- **Problem to work on**: Reproduce exactly, and only, the lines below from the one containing "Vue sur le Canigo depuis Molitg les Bains" through the one containing "frigorifero aperto e chiuso".

Stored items:
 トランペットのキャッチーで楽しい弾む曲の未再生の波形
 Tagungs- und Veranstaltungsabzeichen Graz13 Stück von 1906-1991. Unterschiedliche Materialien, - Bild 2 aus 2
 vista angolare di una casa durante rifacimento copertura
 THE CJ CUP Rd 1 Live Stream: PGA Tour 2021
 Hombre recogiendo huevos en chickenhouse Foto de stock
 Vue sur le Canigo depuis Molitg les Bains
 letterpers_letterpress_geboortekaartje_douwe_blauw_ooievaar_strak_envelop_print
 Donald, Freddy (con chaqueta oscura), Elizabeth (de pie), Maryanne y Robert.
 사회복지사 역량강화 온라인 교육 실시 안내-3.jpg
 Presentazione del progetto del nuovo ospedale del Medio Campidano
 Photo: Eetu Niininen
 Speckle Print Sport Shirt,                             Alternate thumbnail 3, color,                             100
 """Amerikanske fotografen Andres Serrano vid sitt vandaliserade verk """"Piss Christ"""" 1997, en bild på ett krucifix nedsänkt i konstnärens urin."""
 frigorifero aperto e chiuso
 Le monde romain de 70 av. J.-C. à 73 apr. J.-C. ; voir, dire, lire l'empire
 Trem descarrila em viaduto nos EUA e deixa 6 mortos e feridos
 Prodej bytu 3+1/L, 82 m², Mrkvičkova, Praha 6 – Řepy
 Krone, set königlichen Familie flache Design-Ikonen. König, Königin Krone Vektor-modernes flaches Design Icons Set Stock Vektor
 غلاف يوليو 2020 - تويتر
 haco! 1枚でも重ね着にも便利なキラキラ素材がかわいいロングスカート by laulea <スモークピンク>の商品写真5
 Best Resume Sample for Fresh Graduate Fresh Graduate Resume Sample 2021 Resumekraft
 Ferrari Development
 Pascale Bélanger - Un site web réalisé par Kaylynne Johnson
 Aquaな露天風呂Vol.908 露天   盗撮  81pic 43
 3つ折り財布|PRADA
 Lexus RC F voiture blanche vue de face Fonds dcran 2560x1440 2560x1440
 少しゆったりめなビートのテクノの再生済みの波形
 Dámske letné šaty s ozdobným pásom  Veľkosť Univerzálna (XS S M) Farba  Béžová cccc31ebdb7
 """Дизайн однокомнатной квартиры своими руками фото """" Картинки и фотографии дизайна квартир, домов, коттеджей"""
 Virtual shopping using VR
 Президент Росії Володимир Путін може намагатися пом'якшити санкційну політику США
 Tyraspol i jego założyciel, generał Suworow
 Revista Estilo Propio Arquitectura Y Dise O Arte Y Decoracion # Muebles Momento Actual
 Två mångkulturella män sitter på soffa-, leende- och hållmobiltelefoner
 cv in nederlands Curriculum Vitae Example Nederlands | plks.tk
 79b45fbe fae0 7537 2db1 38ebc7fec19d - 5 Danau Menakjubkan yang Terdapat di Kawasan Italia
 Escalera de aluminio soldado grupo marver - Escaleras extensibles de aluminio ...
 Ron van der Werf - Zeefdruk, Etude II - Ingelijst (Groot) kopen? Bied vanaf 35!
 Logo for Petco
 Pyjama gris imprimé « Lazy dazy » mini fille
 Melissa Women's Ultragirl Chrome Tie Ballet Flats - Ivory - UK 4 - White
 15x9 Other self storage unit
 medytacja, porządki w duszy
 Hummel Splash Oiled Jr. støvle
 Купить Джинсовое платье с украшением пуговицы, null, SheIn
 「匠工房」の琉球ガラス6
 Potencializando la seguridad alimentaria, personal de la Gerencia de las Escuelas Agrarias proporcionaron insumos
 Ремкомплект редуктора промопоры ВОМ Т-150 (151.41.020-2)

- **Response to the task**:
 Vue sur le Canigo depuis Molitg les Bains
 letterpers_letterpress_geboortekaartje_douwe_blauw_ooievaar_strak_envelop_print
 Donald, Freddy (con chaqueta oscura), Elizabeth (de pie), Maryanne y Robert.
 사회복지사 역량강화 온라인 교육 실시 안내-3.jpg
 Presentazione del progetto del nuovo ospedale del Medio Campidano
 Photo: Eetu Niininen
 Speckle Print Sport Shirt,                             Alternate thumbnail 3, color,                             100
 """Amerikanske fotografen Andres Serrano vid sitt vandaliserade verk """"Piss Christ"""" 1997, en bild på ett krucifix nedsänkt i konstnärens urin."""
 frigorifero aperto e chiuso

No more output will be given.